#### [The task]
Copy the data that follows, character for character, minus the pictures.

#### [Data extract]

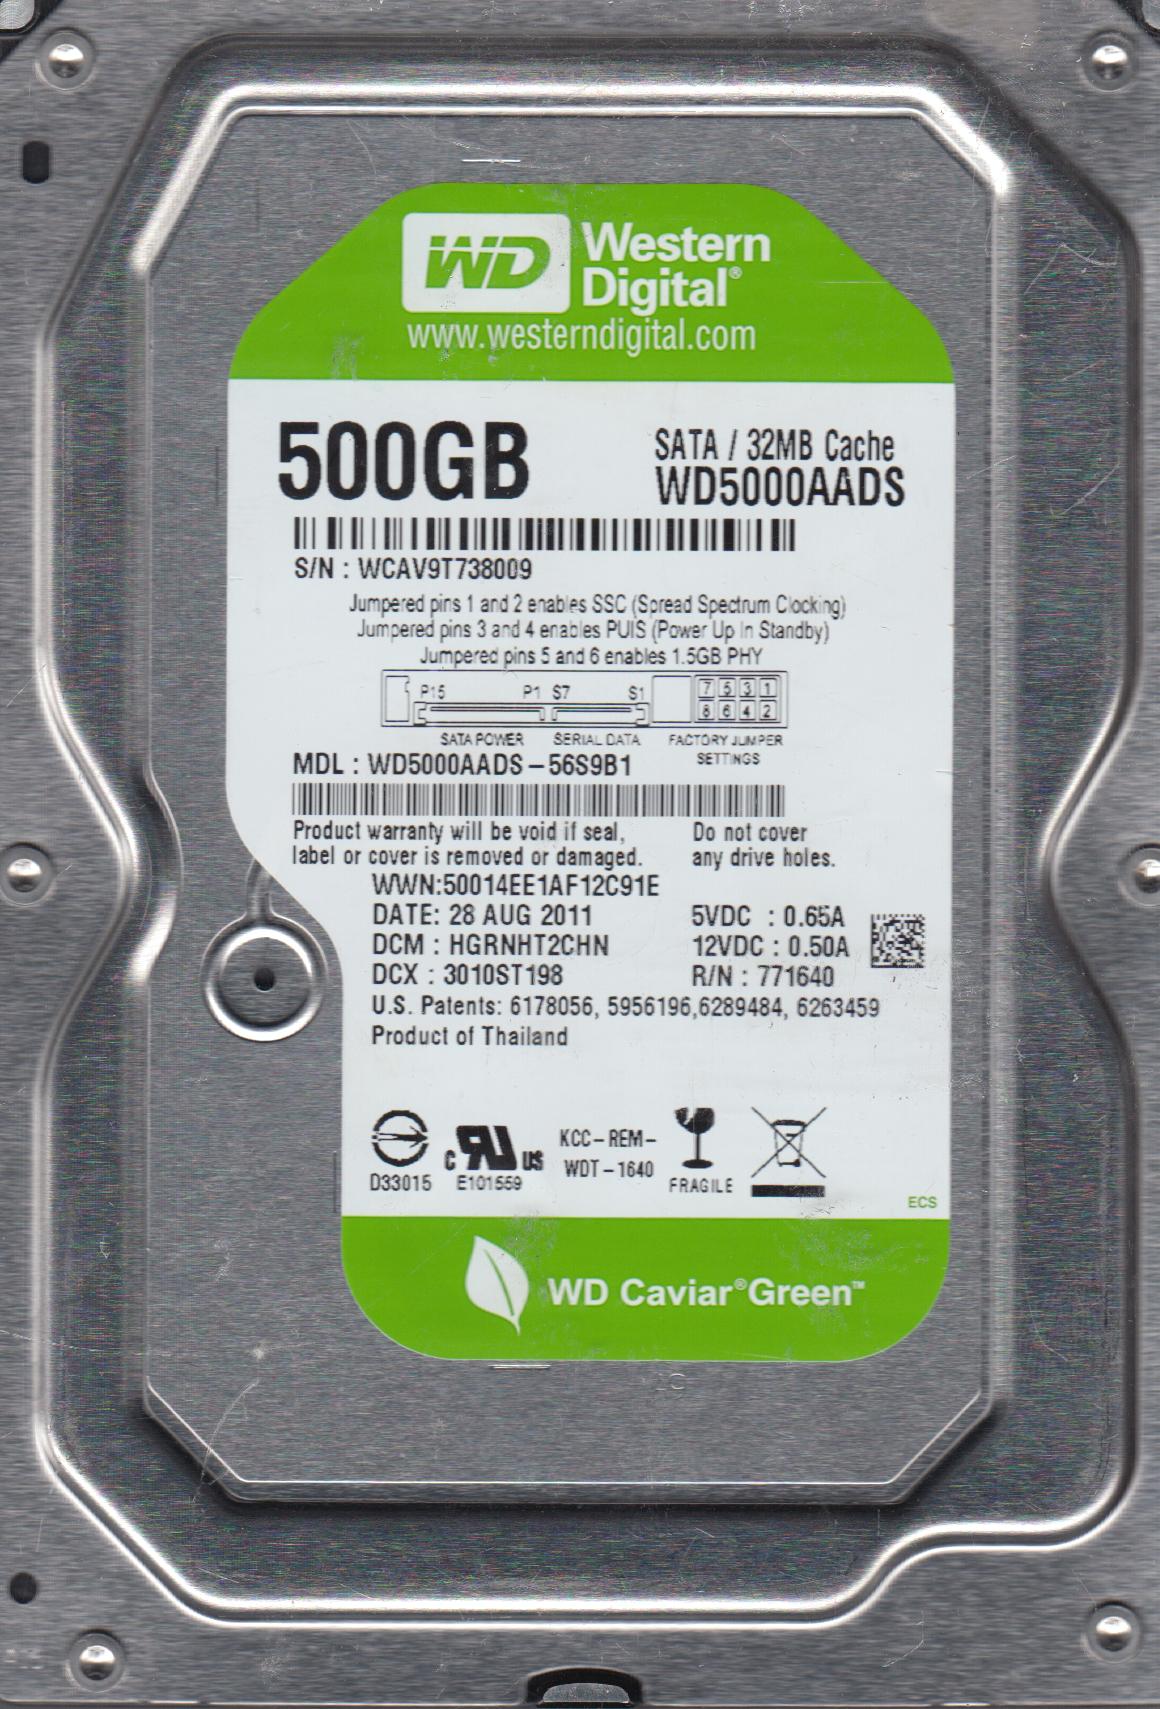 WD5000AADS-56S9B1, DCM HGRNHT2CHN, Western Digital 500GB SATA 3.5 Hard Drive - image 2 of 3
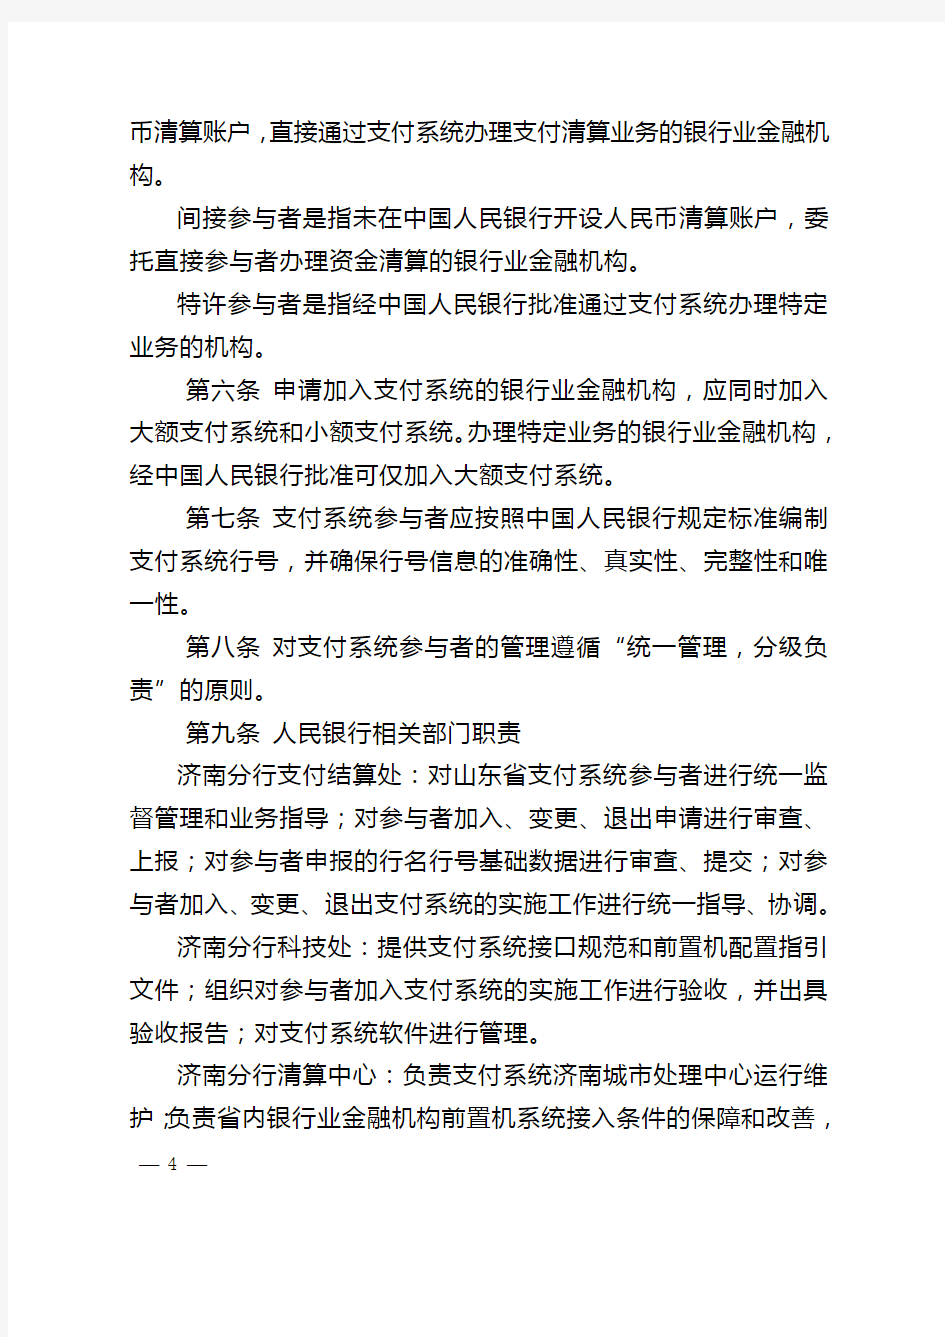 济银发161号-中国人民银行济南分行支付系统参与者管理办法(正文)
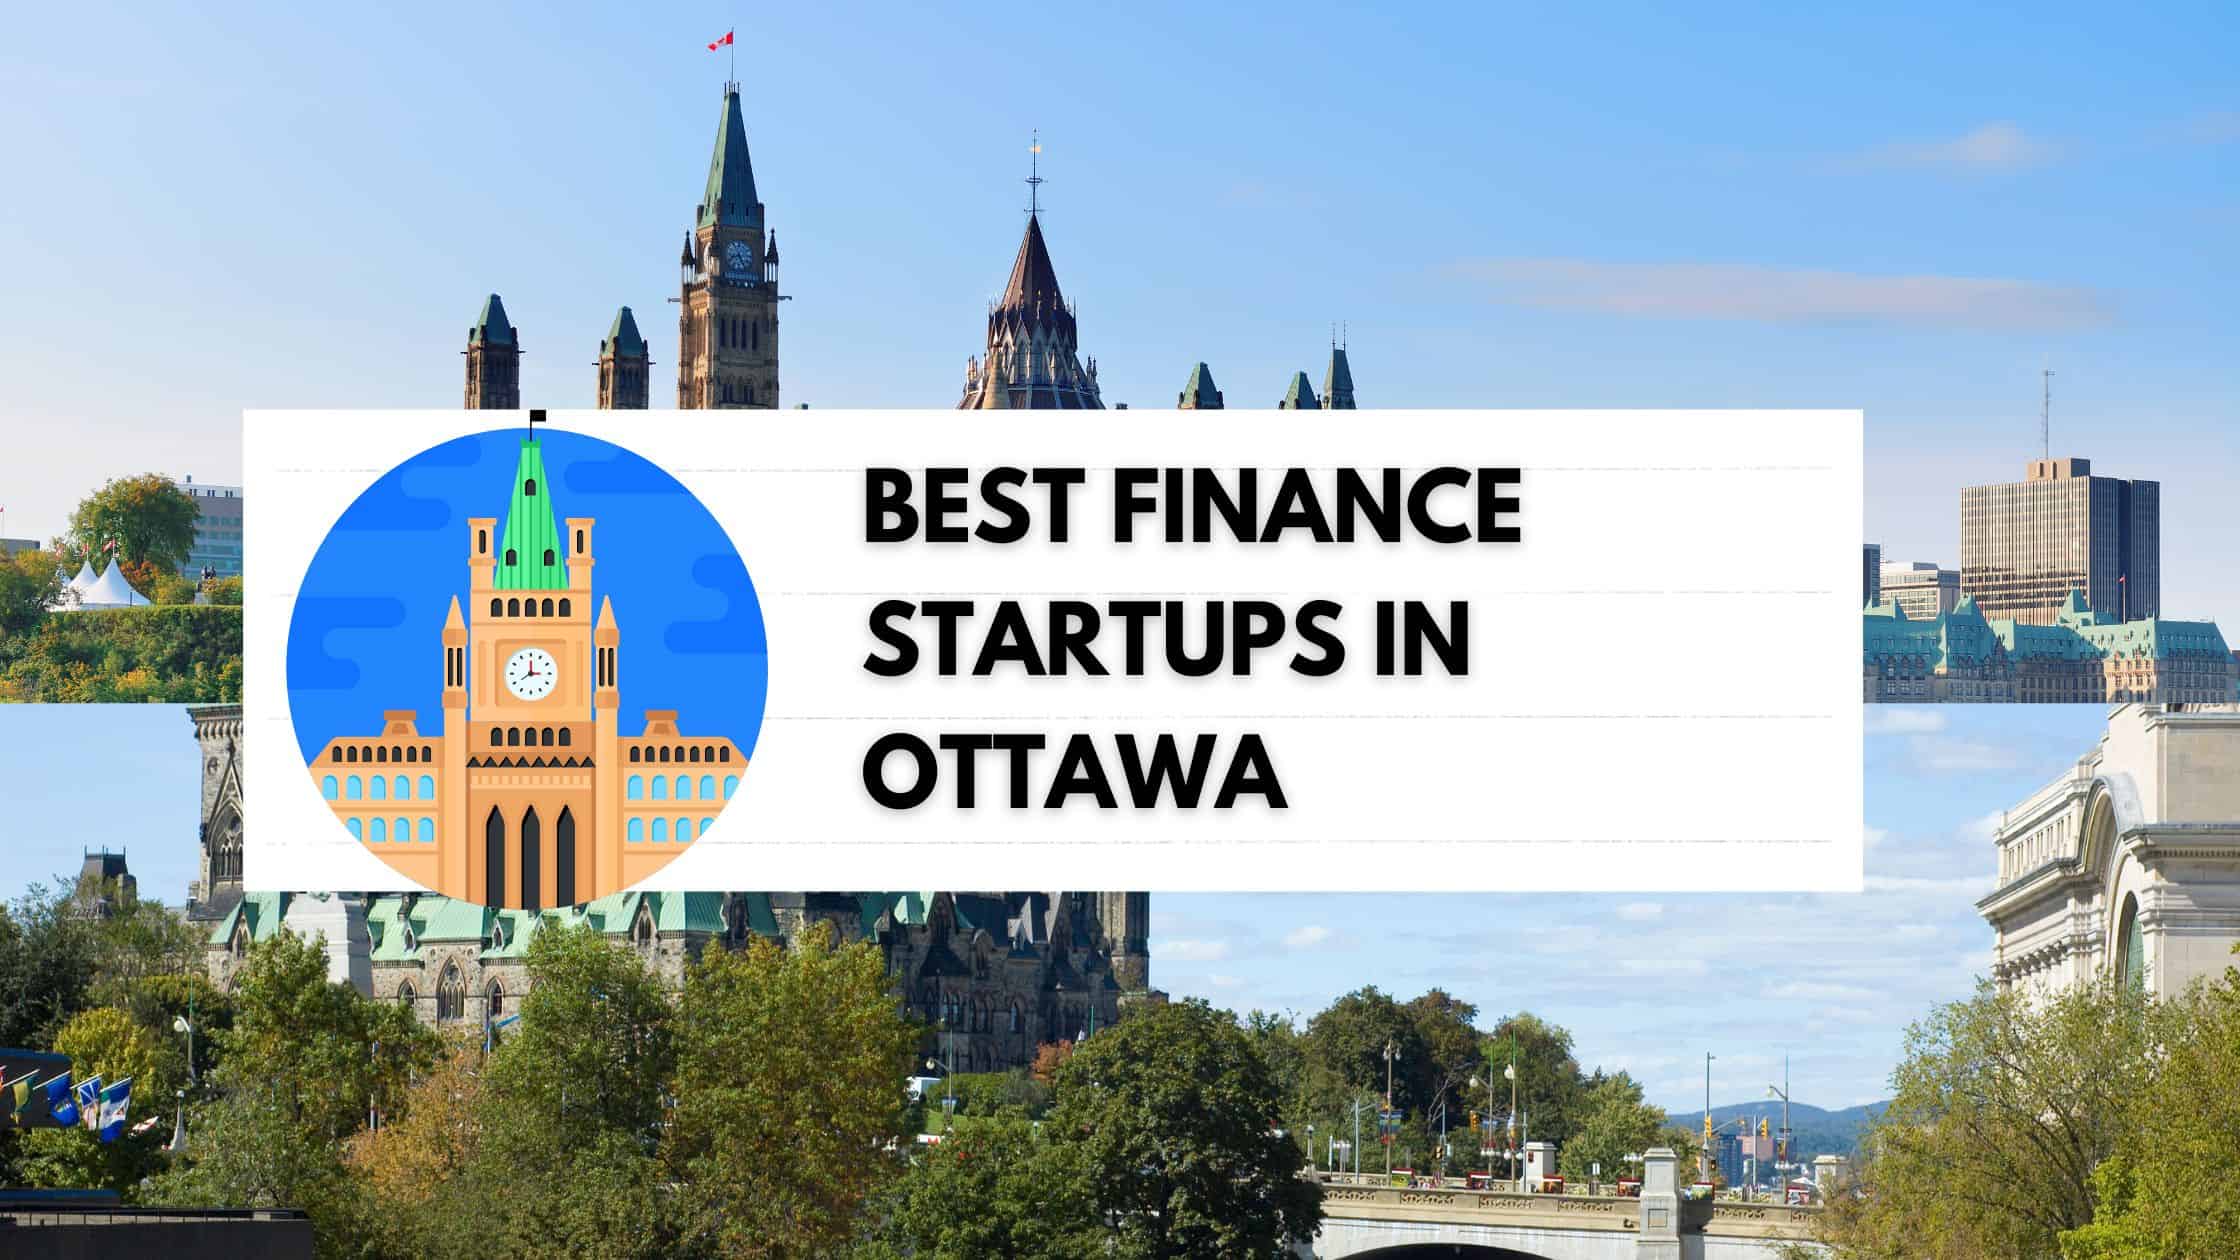 Best Finance Startups in Ottawa

#### [Reply to the exercise]
 WD5000AADS-56S9B1, DCM HGRNHT2CHN, Western Digital 500GB SATA 3.5 Hard Drive - image 2 of 3
 济银发161号-中国人民银行济南分行支付系统参与者管理办法(正文)
 Best Finance Startups in Ottawa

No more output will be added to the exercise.